Isn’t that cute? Isn’t it so cute how he’s leaning AWAY from me. And check out the partially frightened look on his face. Oh, I know that look… Maybe he’s worried about where my other hand is. Also if you zoomed in REALLY close on my forehead you would see the red whelp where I ran into a clothes hanger right before the show. I don’t really want to explain that one except to say there was a bathroom scale also involved.

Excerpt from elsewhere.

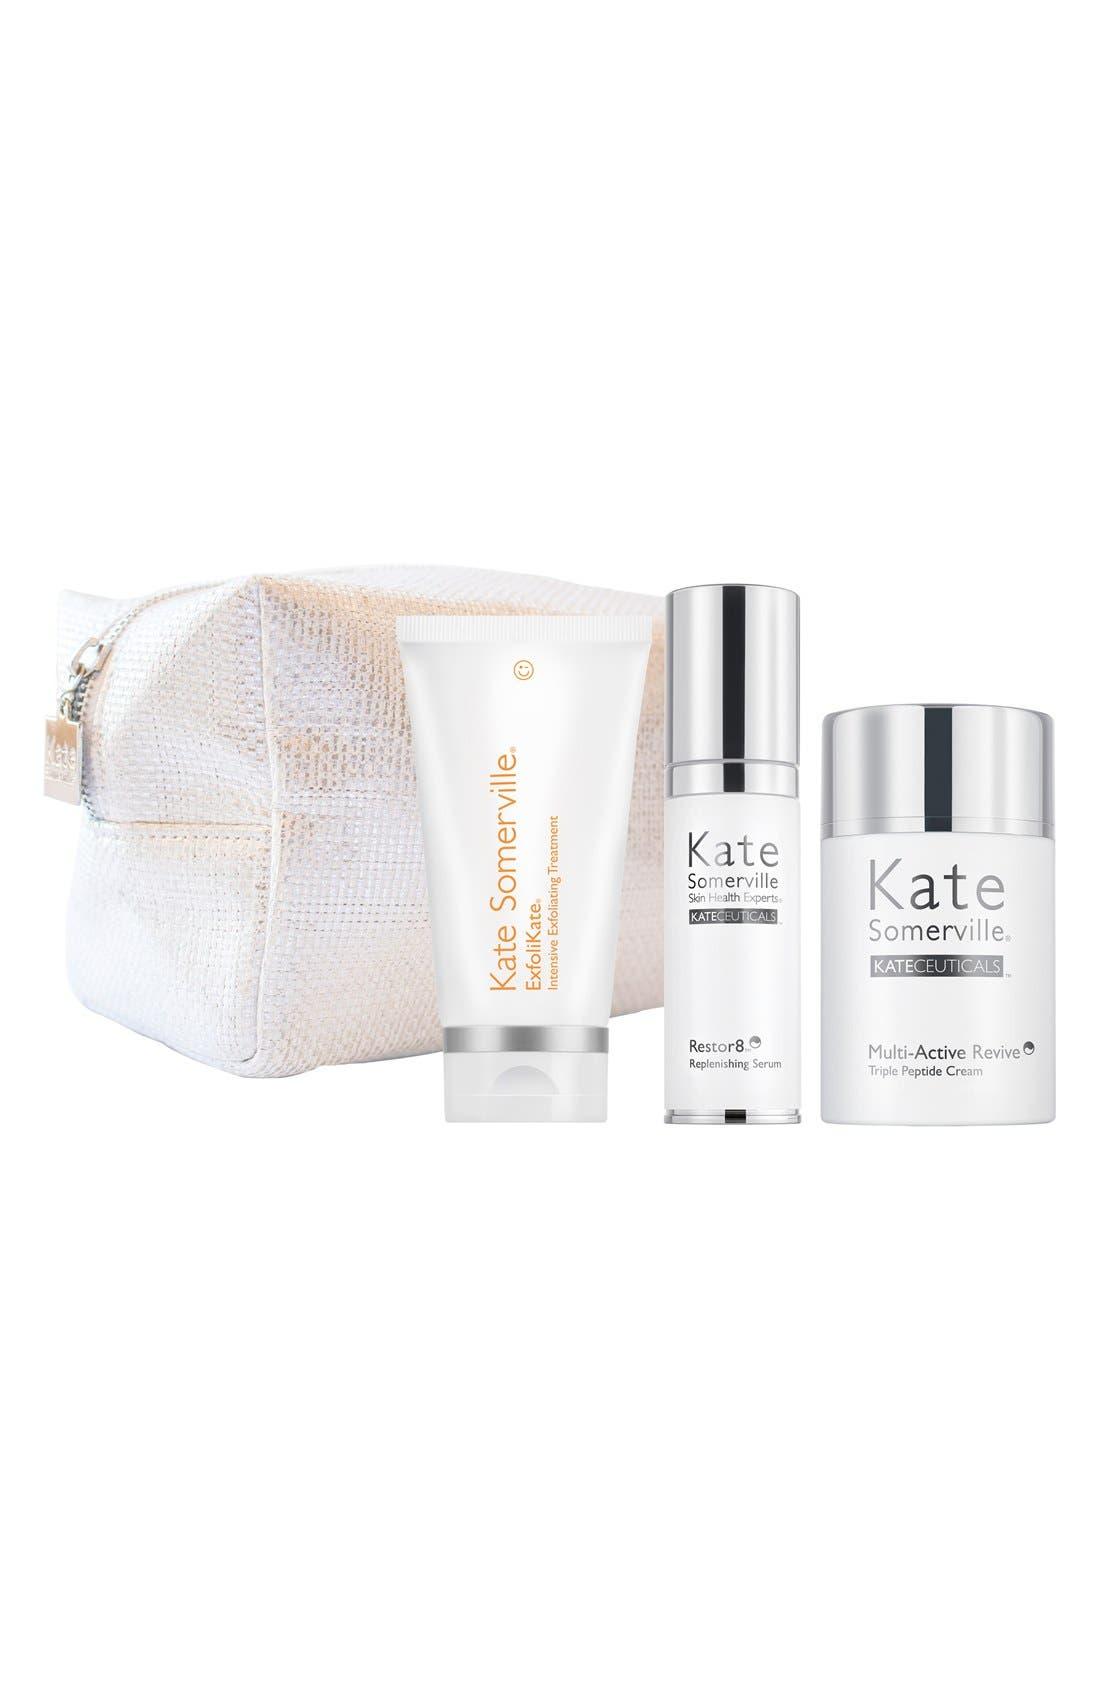 Kate Somerville® 'Youthful Radiance' Set ($430 Value)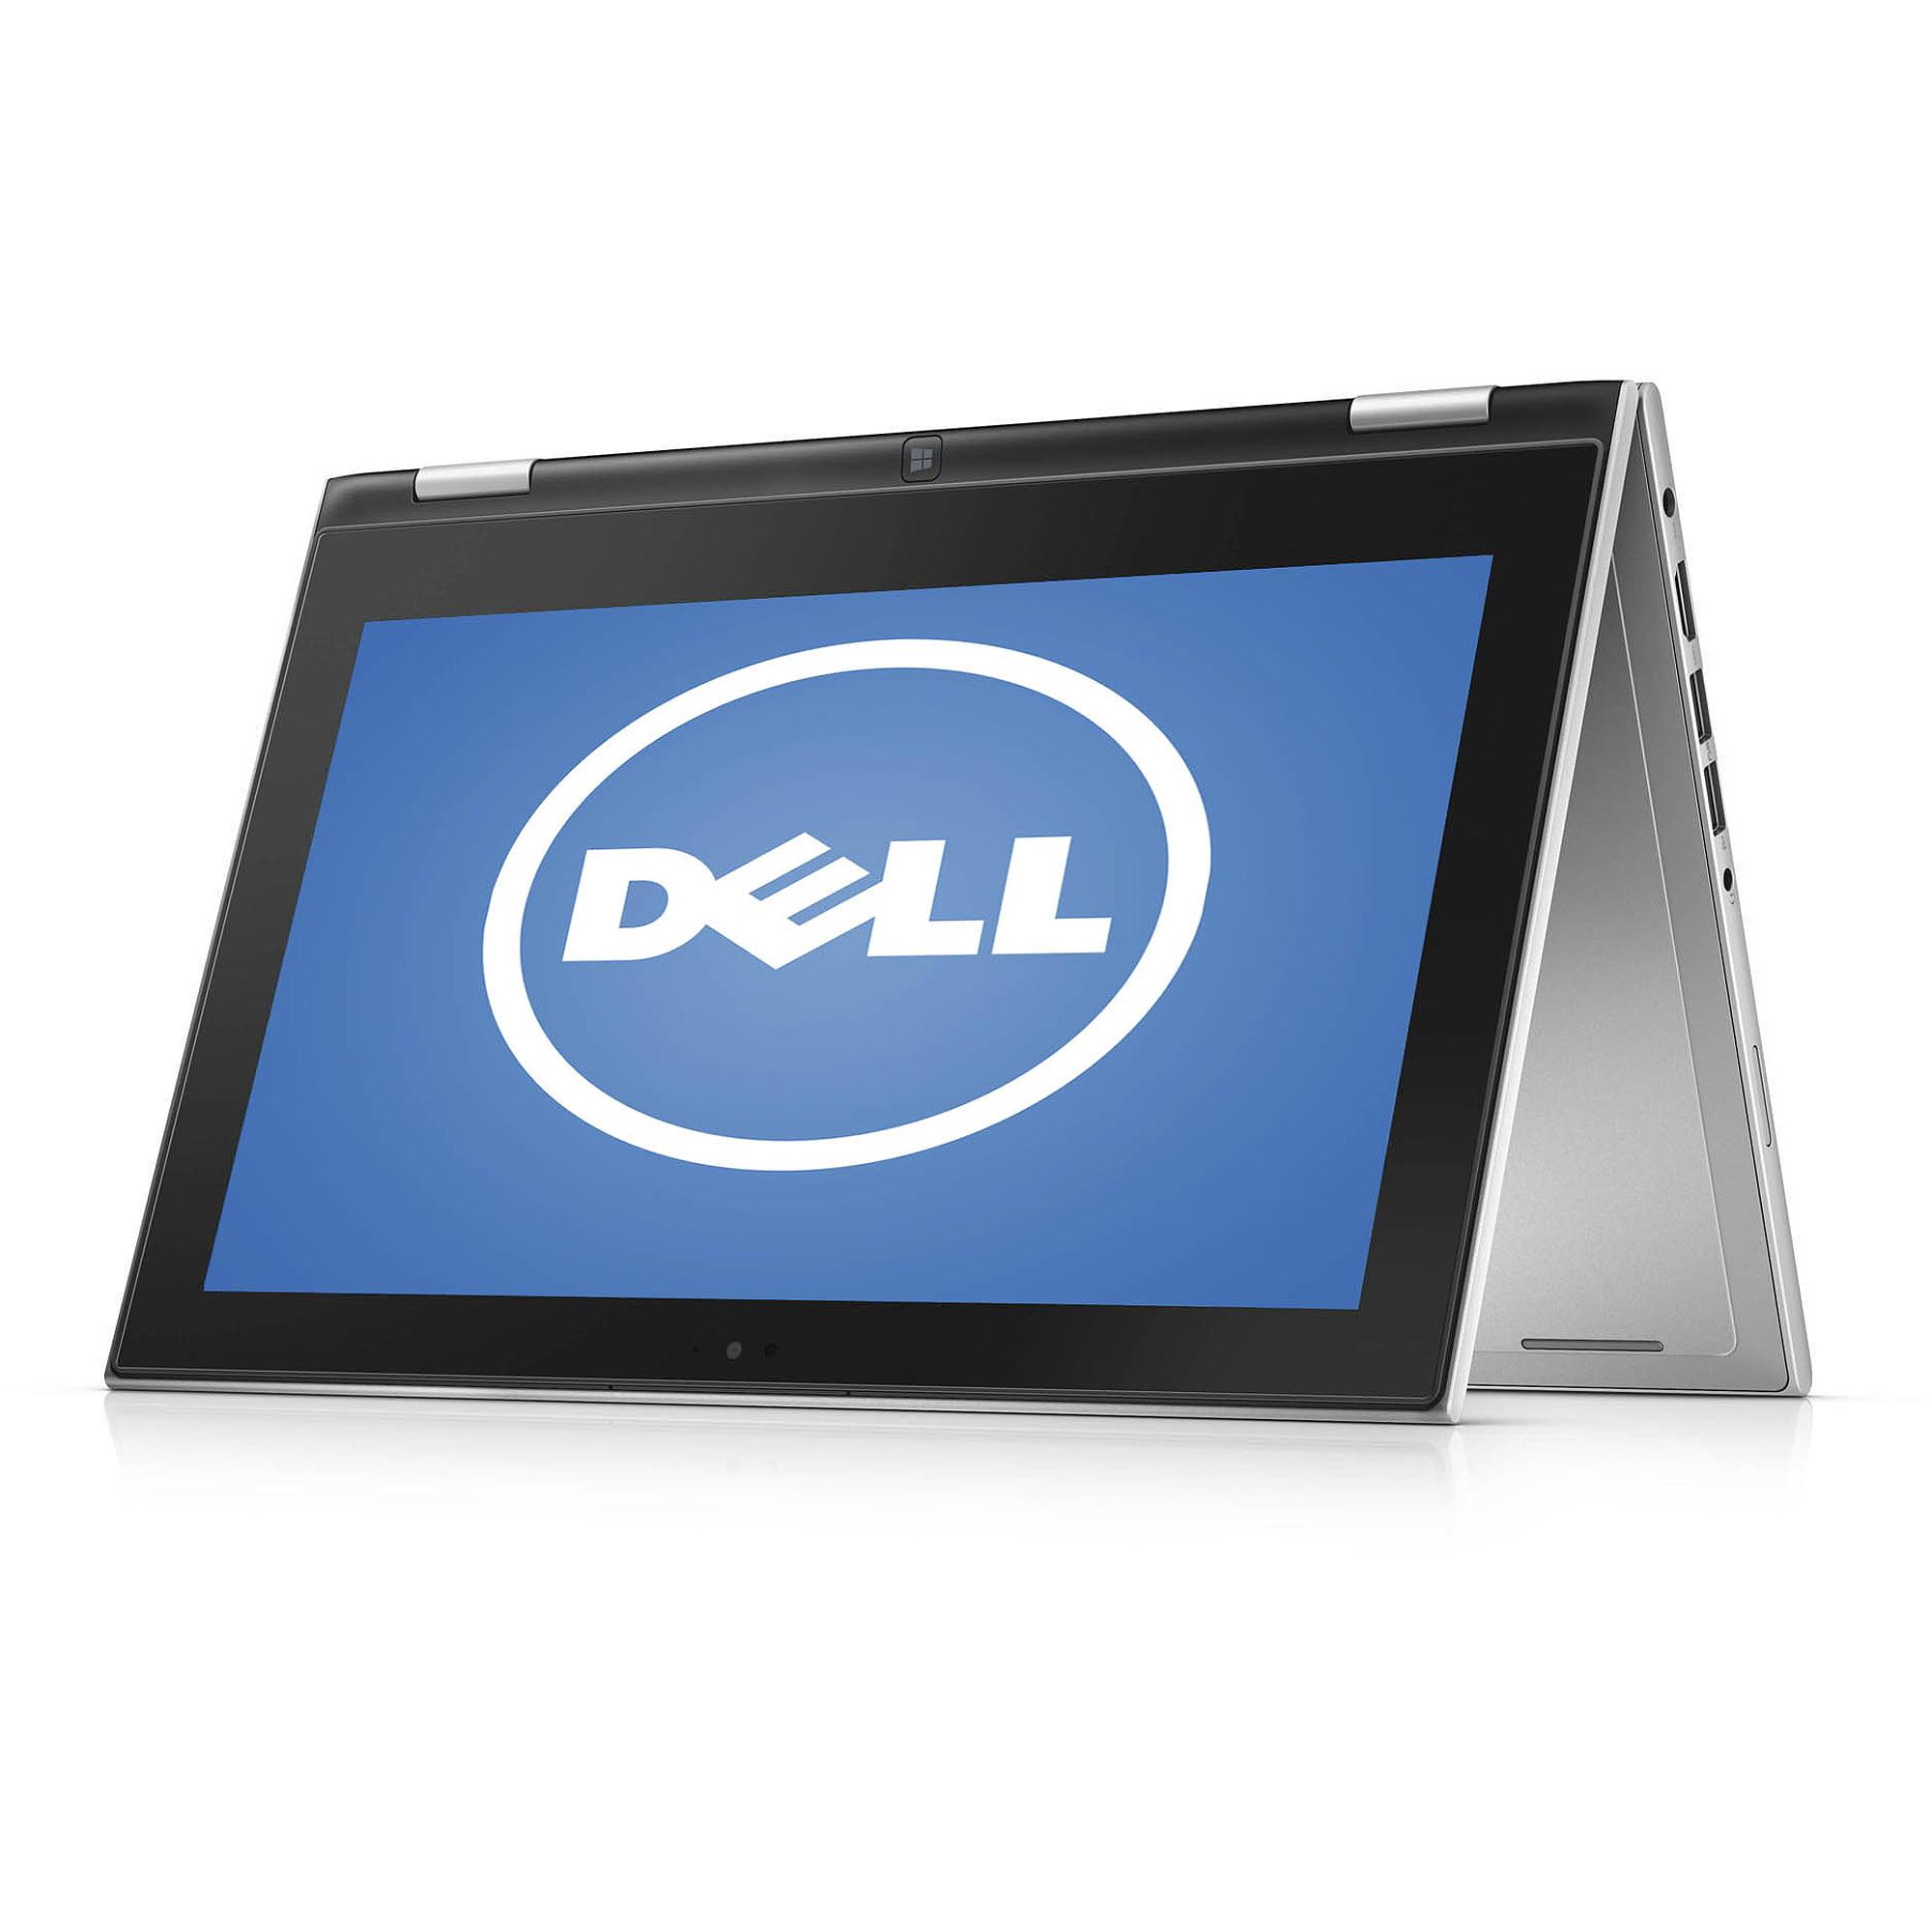 Dell Inspiron 11 3000 I3147-3750slv Convertible Laptop Pc - Intel Pentium N3530 2.16 Ghz Quad-core Processor - 4 Gb Ddr3 Sdram - 500 Gb Hard Drive - 11.6-inch Touchscreen Display - Windows 8...

But I digress. Let me recreate the moment of meeting for you–I want you to feel like you were there. He came up to us, and looked at me for a WHOLE milli-second. I stuck out my hand and said, “Hi, I’m Jennifer. I think I love you.” Or something like that. He glances at me…looks through me (and not in a hot way), and then moves between Kim and me for the picture. 1-2-3 “Click.” Picture over. I looked at him and said something intelligent like, “You did a great job tonight. I really enjoyed it. You sure do sing pretty. Wow is that a man-scarf? I mean I’m not judging, and it’s okay that you’re wearing super tight pants too, but I don’t know how you sing in all that, with the scarf and the pants, and all. Do you like puppies because I might be getting one in a few weeks, or not, because if you don’t like them I don’t have to get one.” I think it came out more like, “We really enjoyed tonight and mumble mumble insert low talking here as he walks away…” Yeah. The End.
Later, about midnight, Kim and I were texting our thoughts over the evening. We had both been analyzing the meet and greet. She said, “He didn’t talk to us. We didn’t have any products for him to sign like everyone else.”
And I said, “You’re so right. That’s it. Shoot.”
“But we didn’t know we’d get to meet him,” Kim texts. “We needed some CDs.”
“Or your chest. . .you should’ve asked him to sign your chest.”
Kim didn’t like that idea.
I don’t know why not.
It’s not like he could sign MY chest.
It would’ve clashed with my tattoo.
Have a great day. I’ll see you back Wednesday for my final blog of the week.